La tartine
La délicate réhabilitation des femmes dans l’Histoire
Sabine Schrader · Journaliste
Mise en ligne le 14 février 2022
À la faveur des études de genre, il est de plus en plus question de rendre aux femmes la place qu’elles ont occupée dans l’Histoire. Entre déconstruction des clichés hérités de la bourgeoisie du XIXe siècle, réhabilitation des grandes oubliées et dénonciation d’un véritable « effacement » des femmes, les ouvrages en la matière abondent. Mais attention à ne pas « réécrire » l’Histoire.
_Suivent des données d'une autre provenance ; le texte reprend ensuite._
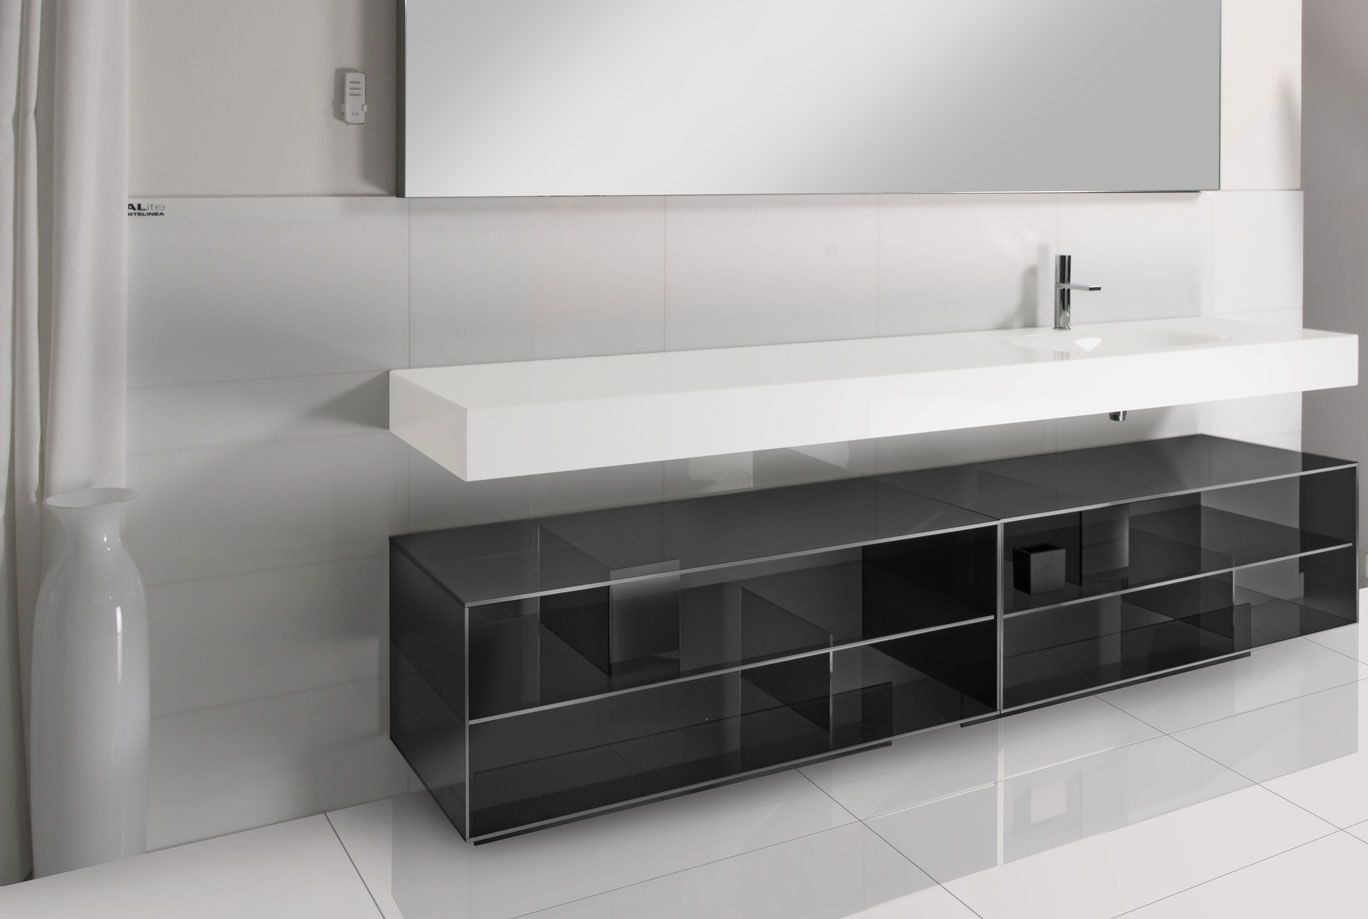 Artelinea Bagno ~ Modern black and white bath vanity by artelinea frammento

L’absence des femmes dans le récit historique a commencé à susciter des interrogations dans les années 1970. C’est d’ailleurs dans le prolongement de ces mouvements d’émancipation des femmes qu’a émergé une histoire des femmes, à laquelle ont œuvré des professeures, des historiennes, des universitaires. Mais ces récits sont restés longtemps cantonnés à la sphère académique. Aujourd’hui, les lignes bougent et les ouvrages à destination d’un public plus large se multiplient. Dernier en date : celui de Titiou Lecocq1, qui a recueilli un grand succès alors que la journaliste évoque carrément un « effacement » des femmes. Est-ce à dire que leur invisibilité est le fruit d’une démarche volontaire de la part des hommes ? C’est ce que la journaliste britannique Van Badham qualifie plutôt de mentrification, soit un « maintien des structures de pouvoir » par les hommes.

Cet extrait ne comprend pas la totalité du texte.